Funeral Arrangements Announced For Family Killed In Stamford Fire
STAMFORD, Conn. (CBSNewYork) -- Madonna Badger will say her final farewell to her three children and parents at a funeral service set for next Thursday.
They were all killed in a tragic Christmas Day fire in Badger's Stamford home, which was being renovated.
A private wake will be held Wednesday afternoon at Frank E. Campbell funeral home on Madison Avenue in Manhattan.
On Thursday, 10-year-old Lily, 7-year-old twins Grace and Sarah and their grandparents Lomer and Pauline Johnson will be eulogized at a funeral service at St. Thomas Episcopal Church at 10:30 a.m. The service will be open to the public.
Following the service, there will be a private committal at Woodlawn Cemetery. Grace, Sarah and Lily will be buried there.
Badger's parents will be cremated and the cremains sent to Louisville, Kentucky.
In lieu of flowers, the family is expected to ask for donations to a memorial fund, which will likely benefit a scholarship in the girls' names.
Meanwhile, Stamford police are stepping up their involvement in the investigation into the deadly blaze. Up until now they had been playing an advisory role to fire investigators.

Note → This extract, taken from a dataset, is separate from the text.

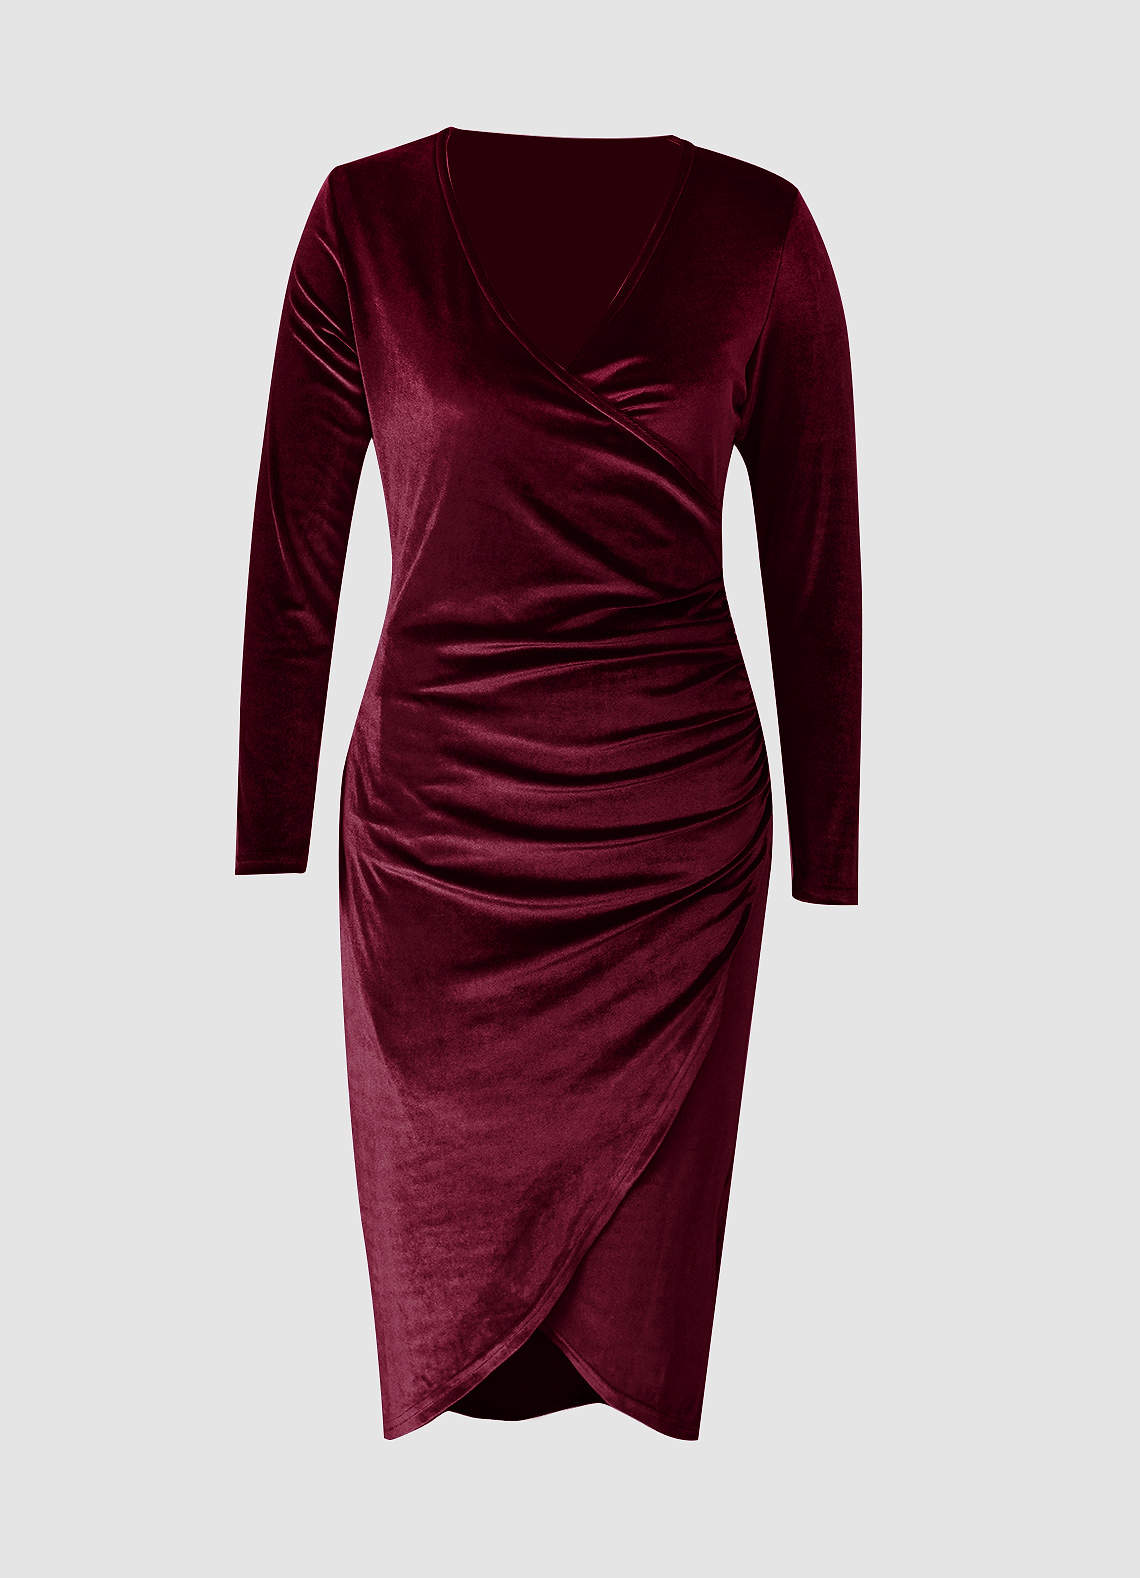 Going For Glamour Burgundy Velvet Long Sleeve Midi Dress image1

"Absolutely detectives should be involved, right from the beginning," said Prof. Robert McCrie of John Jay College.
CBS 2 has learned they will now play a more active role with experienced detectives working to get to the bottom of the sequence of events that ended with the deaths of three children and their grandparents.

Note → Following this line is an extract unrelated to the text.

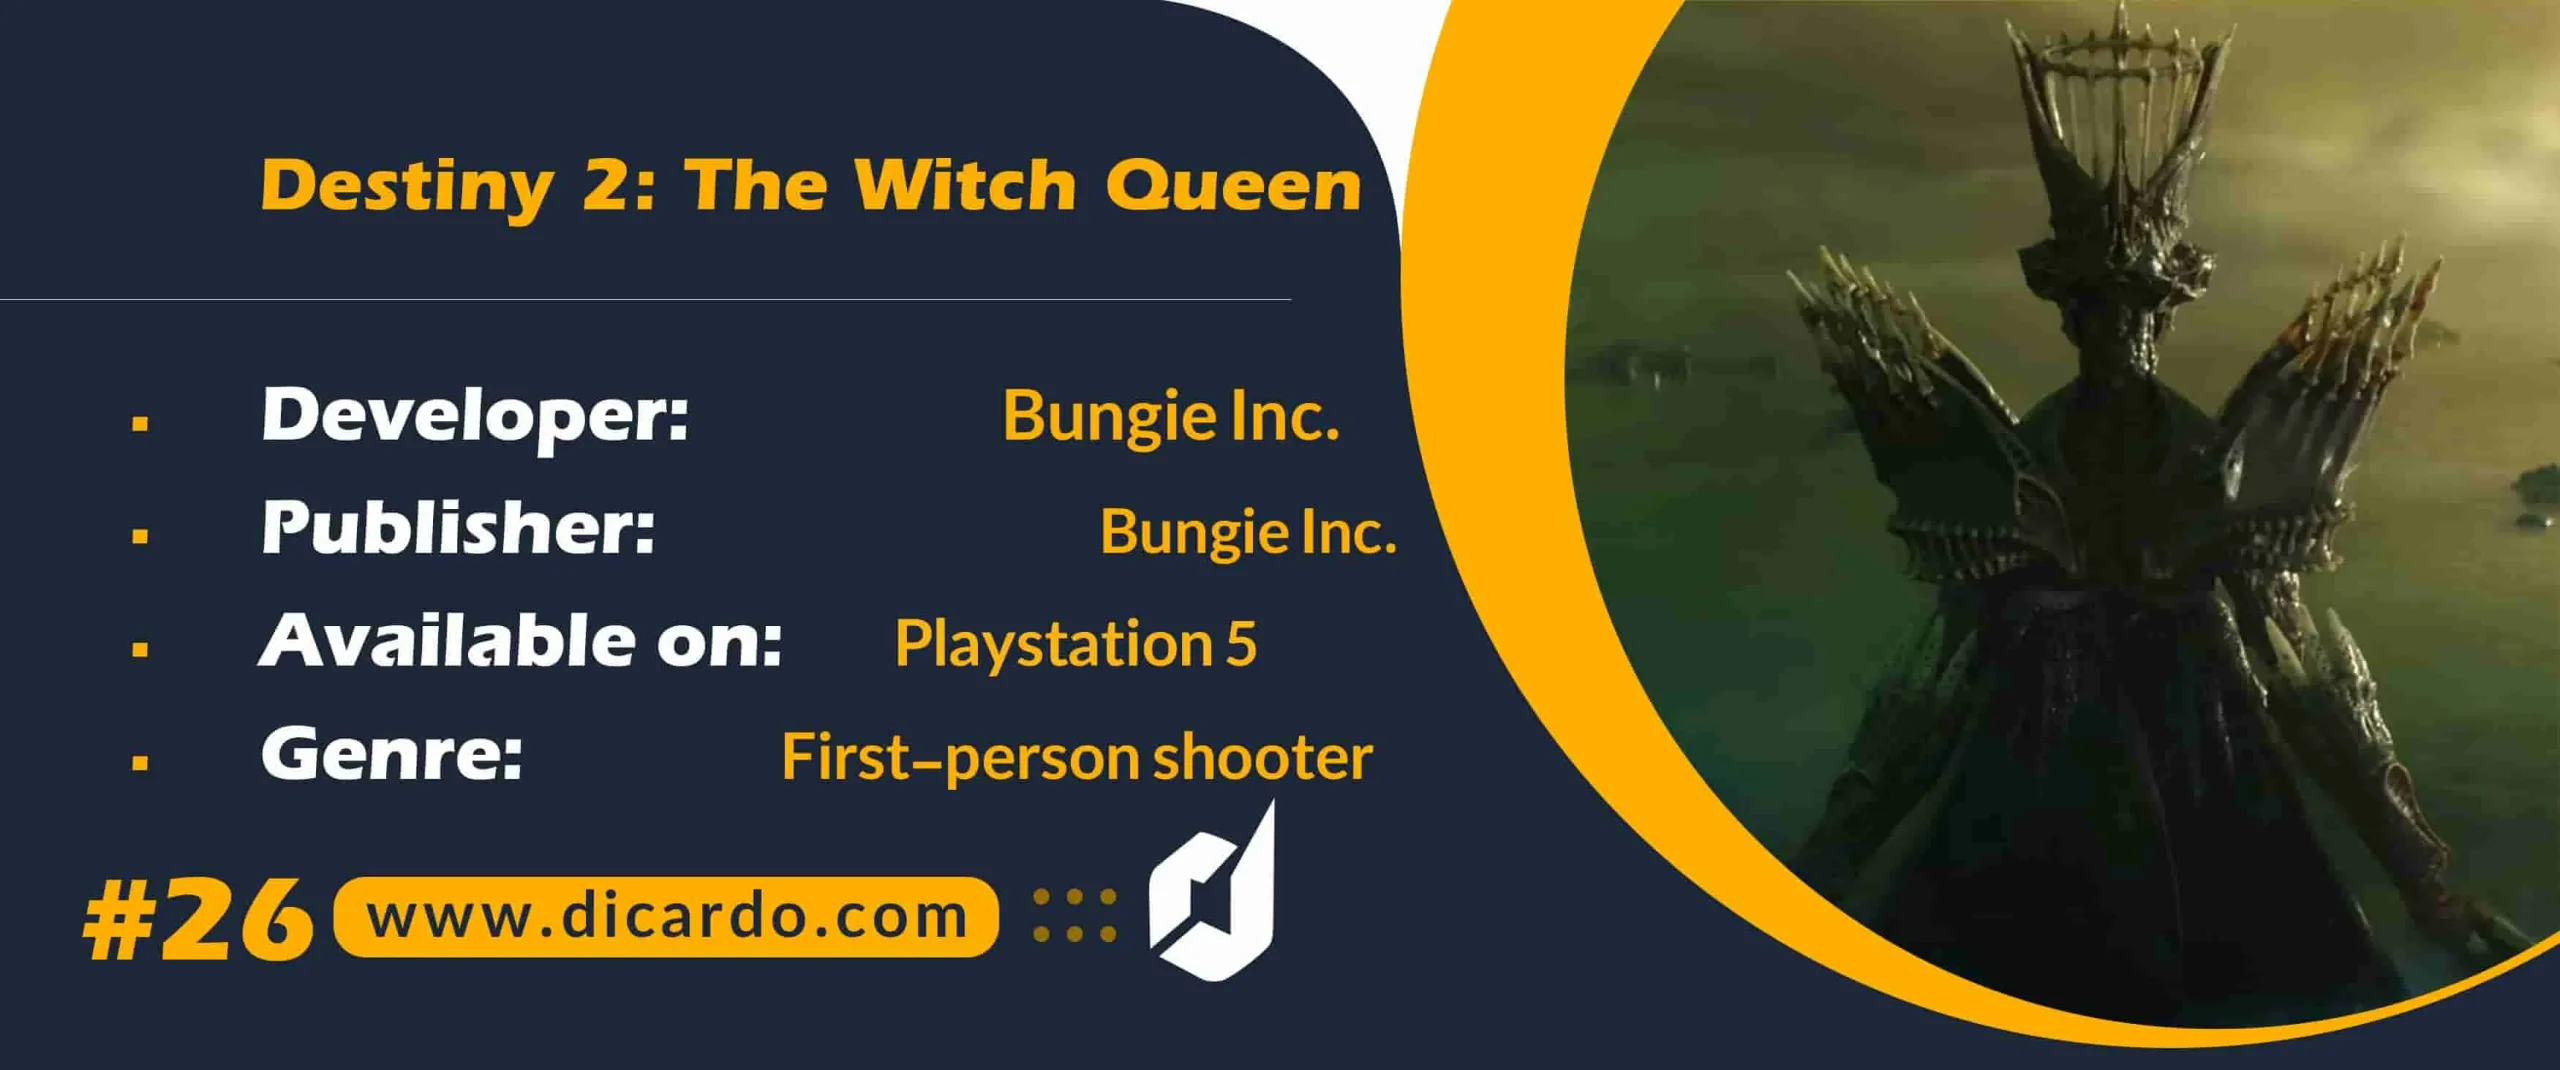 #26 دستینی 2 د ویچ کوئین Destiny 2: The Witch Queen

Investigators have determined that improperly placed fire embers sparked the blaze but many questions in the case still remain unanswered.
The house on Shippan Avenue was being extensively renovated and Badger, who survived the blaze, had been dating the contractor, Michael Borcina, who is accused of starting the fire after moving a bag of fireplace ashes into the rear mudroom.
Borcina told the fire marshal he left the ashes in the mudroom.
"Was it laziness? Carelessness? An accident? Difficult as those issues are, they need to be explored. And those are issues best explored by investigators, detectives, not the fire marshal," McCrie said.
A law enforcement source tells CBS 2 detectives want to ask Borcina what he did that night and why.
They will also focus on the work he was doing at the house and ask why the smoke detector system was wired but not activated.
Detectives will also look to question Madonna Badger but that difficult task is on hold until after the funeral services next week.
CBS 2 News has learned Badger was released yesterday from a psychiatric care facility in Westchester County.
Her uncle, Al McCarthy, said you can only imagine her grief.
"I talked to her a couple times. She's like any mother, and she was a real good mother to the children," McCarthy said. "I can't even get my head around what she's going through. I mean she lost her whole family, there's nobody left."